Coding Agent Skills Need Live Documentation, Not Cached Product Knowledge

Marc KlingenAI EngineerWednesday, May 20, 202613 min read

Marc Klingen of Langfuse argues that coding agents can add observability, but often do it first from stale model memory, producing broken or incomplete instrumentation before recovering through current documentation. In a talk on building a Langfuse skill for Claude Code, he says the fix is not to stuff more product knowledge into the agent, but to give it reliable ways to find live docs, expose its intermediate work in traces, and evaluate changes against realistic repositories. The same work, he warns, creates new risks when optimization loops reward shorter paths and remove the documentation-fetching and approval steps that make the skill reliable.

The failure mode is not that coding agents cannot add observability. It is that they add the wrong version first

Marc Klingen described Langfuse’s agent skill as a response to a specific pattern: coding agents could already implement Langfuse instrumentation, but they tended to do it through stale model memory, recover only after hitting errors, and produce a non-optimal setup.

Langfuse’s own documentation footprint makes the problem harder. Klingen said the docs now span 478 “content dense” markdown files across five feature areas. The product has gone through three major updates, and its flexibility means there is no single correct implementation path for every application. Langfuse’s position, as he framed it, has been deliberately infrastructure-oriented rather than opinionated: teams can trace, evaluate, and customize workflows in many different ways. That flexibility is useful when agents can adapt implementation to each codebase. It is a liability when the agent is guessing from pre-training context.

478

documentation pages Langfuse says its skill helps agents navigate

The concrete example was Claude Code. Asked to add Langfuse tracing to a project, it could eventually get to a feasible implementation. But the first attempt relied on outdated pre-training context. The agent then tried to verify the instrumentation, found that it did not work, fetched current implementation information from the web, and corrected itself. Klingen’s diagnosis was threefold: the model had outdated training data, the setup was not optimized for the user’s application, and the path was slow because the agent first implemented instrumentation in a broken or outdated way and then repaired it.

The initial trace also exposed a deeper observability gap. A “Claude Code only” trace captured two LLM calls in an agent, but not what the agent was actually doing. For a product whose purpose is agent observability, that was not enough. The goal of the Langfuse skill became: give users a Langfuse expert that can quickly set up observability, prompt management, and evaluations using current documentation and best practices, without requiring every user to talk directly to the Langfuse team.

The trace comparison made the improvement concrete. The “Claude Code only” trace was short, showing a simple pair of agent calls. The “Claude Code + Langfuse Skill” trace shown on Klingen’s slide was visibly more detailed, with repeated specialist retrieval steps, bash tool use, and evaluation entries for observability, prompt migration, and evals. Klingen described it as a “stark difference”: the skill changed not only the final setup path, but also the recorded execution shape, adding traceable retrieval, tool, and evaluation activity around the implementation.

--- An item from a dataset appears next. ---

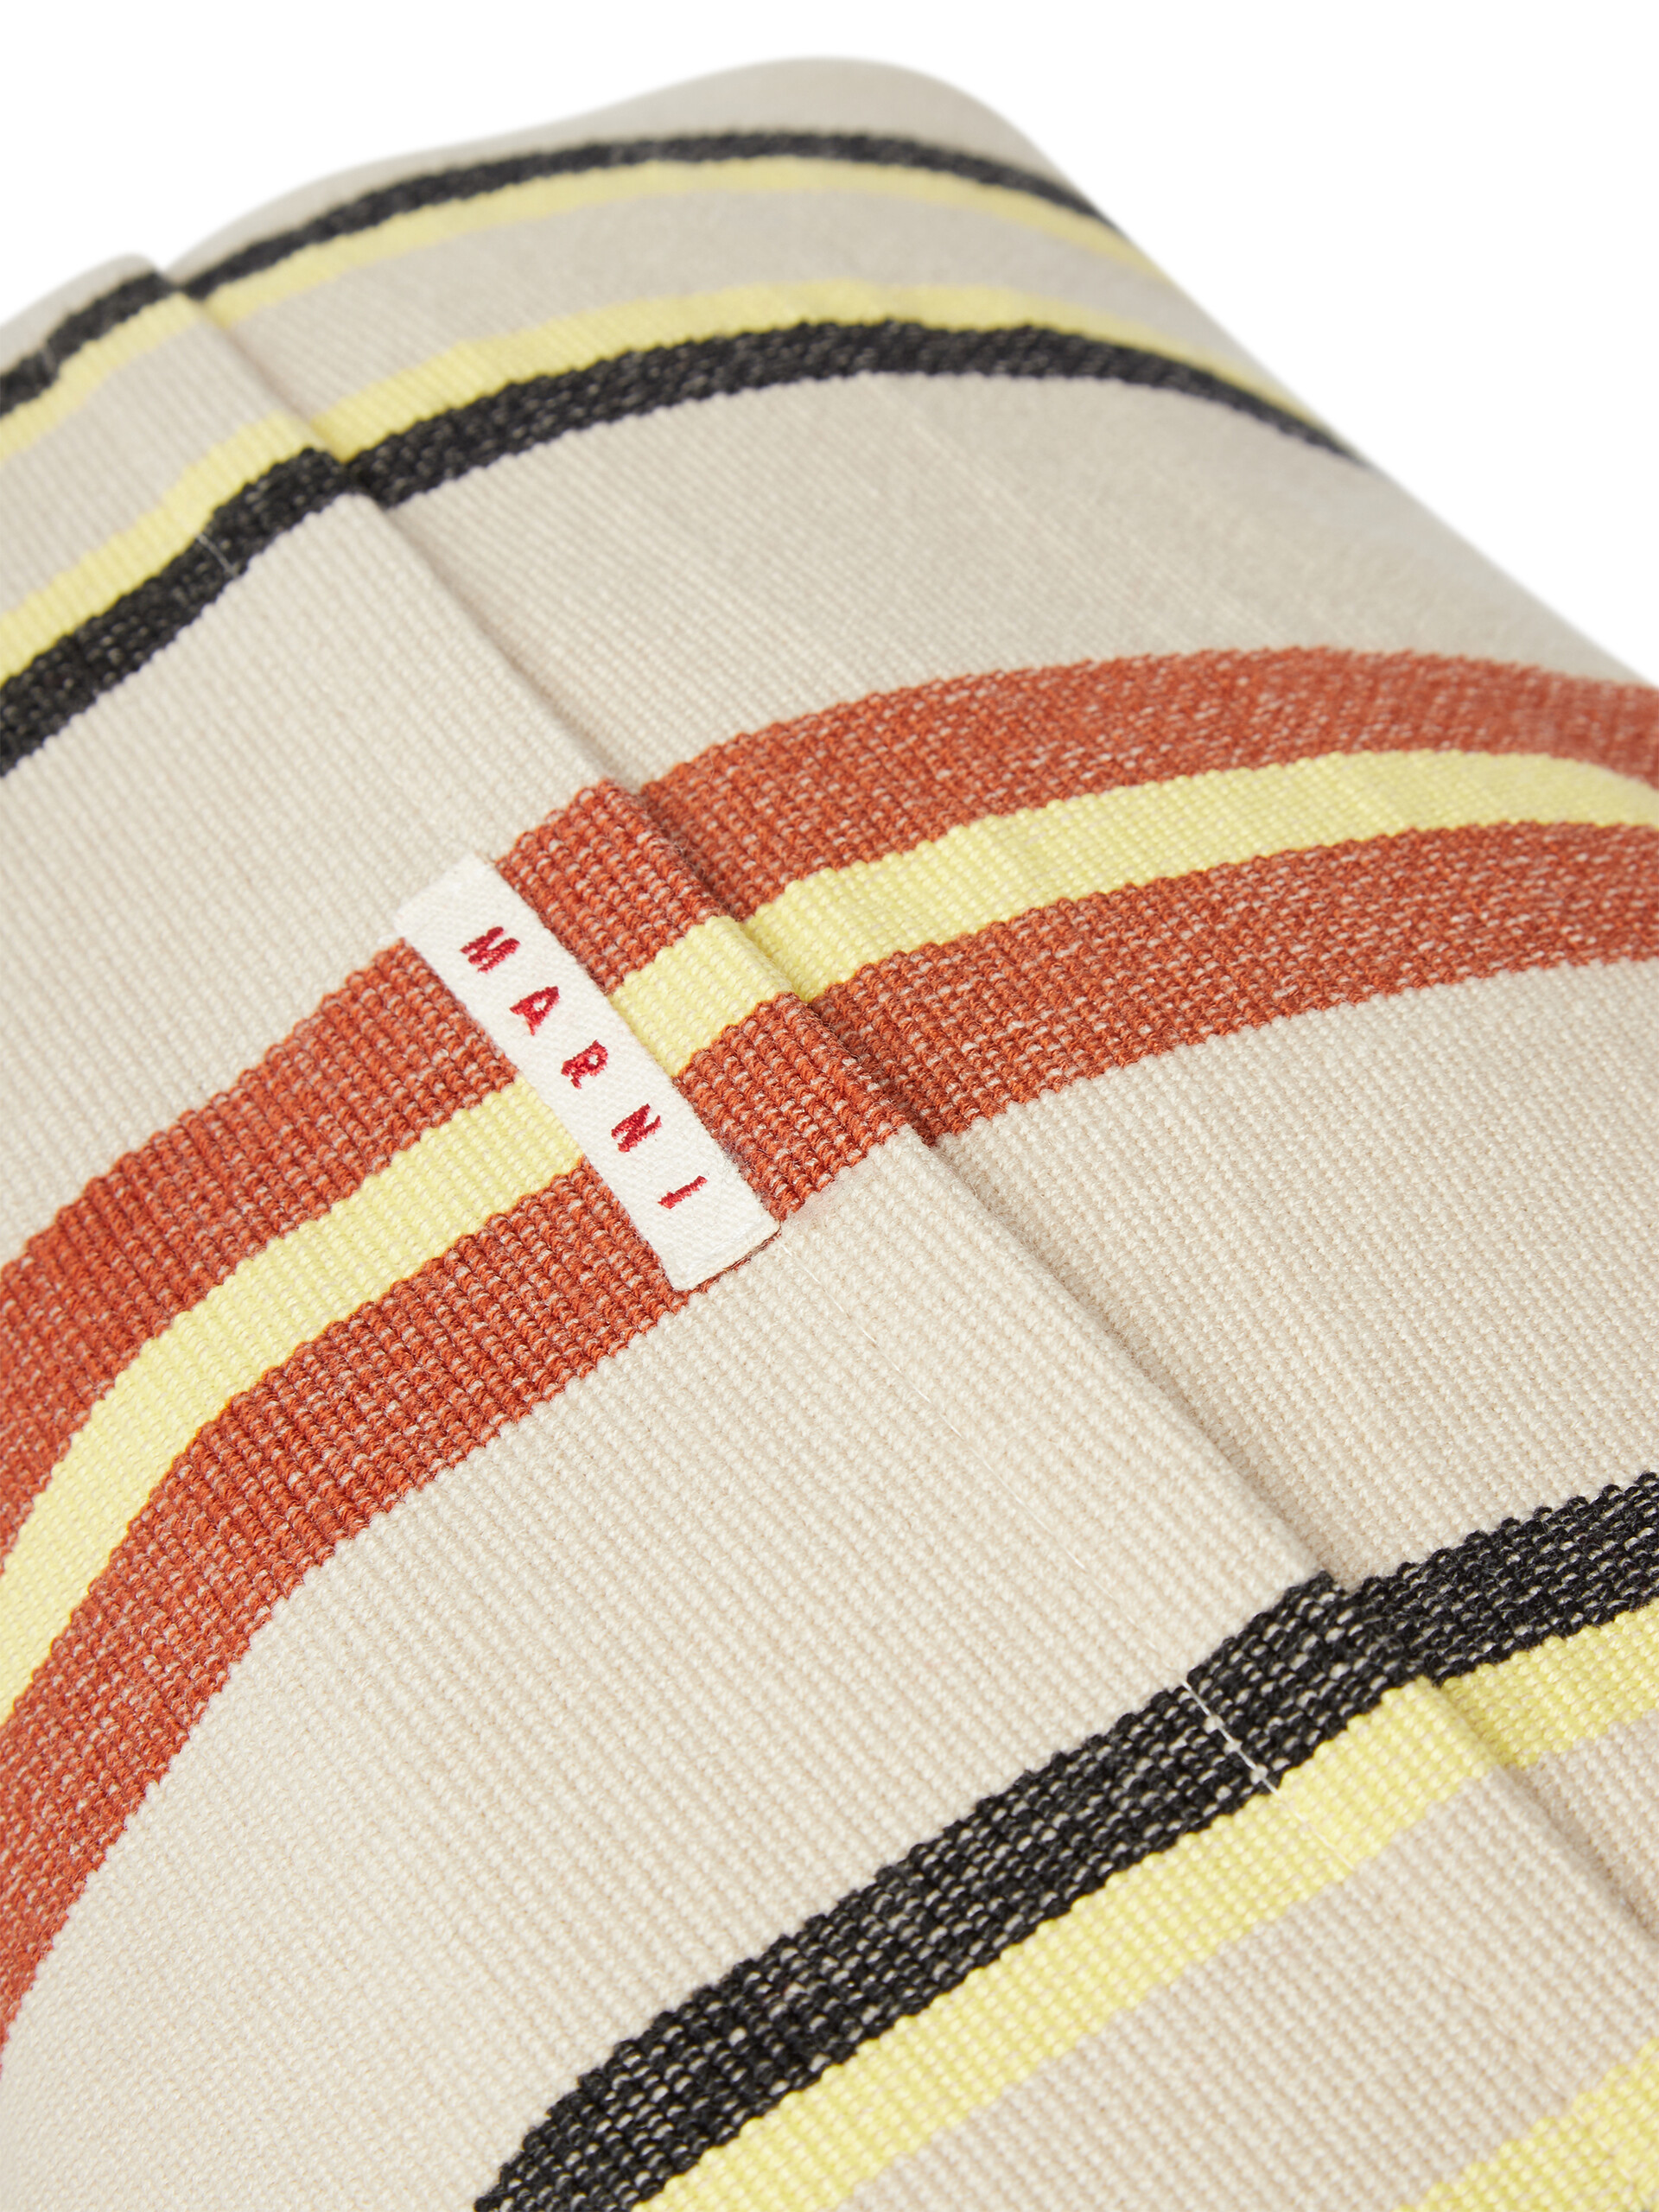 MARNI MARKET rectangular pillow cover in polyester with beige yellow and black vertical stripes - Furniture - Image 3

Klingen framed skills as a middle ground between rigid workflows and open-ended agents. A workflow can be reliable when the path is known: route a password reset request to a password reset handler, for example. But if a user wants to reset a password and change an email address at the same time, separate routers begin to show their limits. An agent can cross domains, but without guidance it may wander. Skills are the “formalized shortcuts” that give an agent reliable paths without removing the agent’s ability to combine context and verify work.

Skills are kind of like a formalized shortcut to make things more reliable where you historically would have built a workflow.

Marc Klingen · Source

In Langfuse’s design, the skill does not simply cache a large copy of the docs. Its SKILL.md sets behavioral guidance, such as asking follow-up questions before making decisions when multiple implementation paths are possible. Separate reference files cover product modules such as observability, the Langfuse CLI, and prompt migration. From there, the agent can fetch current documentation, API specs, and other resources.

That architecture reflects an important change in what the UI is for. Klingen said Langfuse had long exposed APIs because users built their own labeling interfaces and evaluation logic on top of the backend. The team wrapped those APIs in a CLI so agents could do many things that humans previously did by clicking through the UI. He described the direction as moving toward a world where a user connects a repository to Langfuse and an agent does much more of the setup work, but he framed that as what Langfuse is building toward rather than a finished state.

Qualitative traces found the first fixes before complex evaluation did

Klingen’s first lesson was deliberately simple: look at the traces. In his words, qualitative trace review “gets you 80% of the way.” He said teams often try to make evaluation complicated before they have manually inspected what the agent did at runtime a few times.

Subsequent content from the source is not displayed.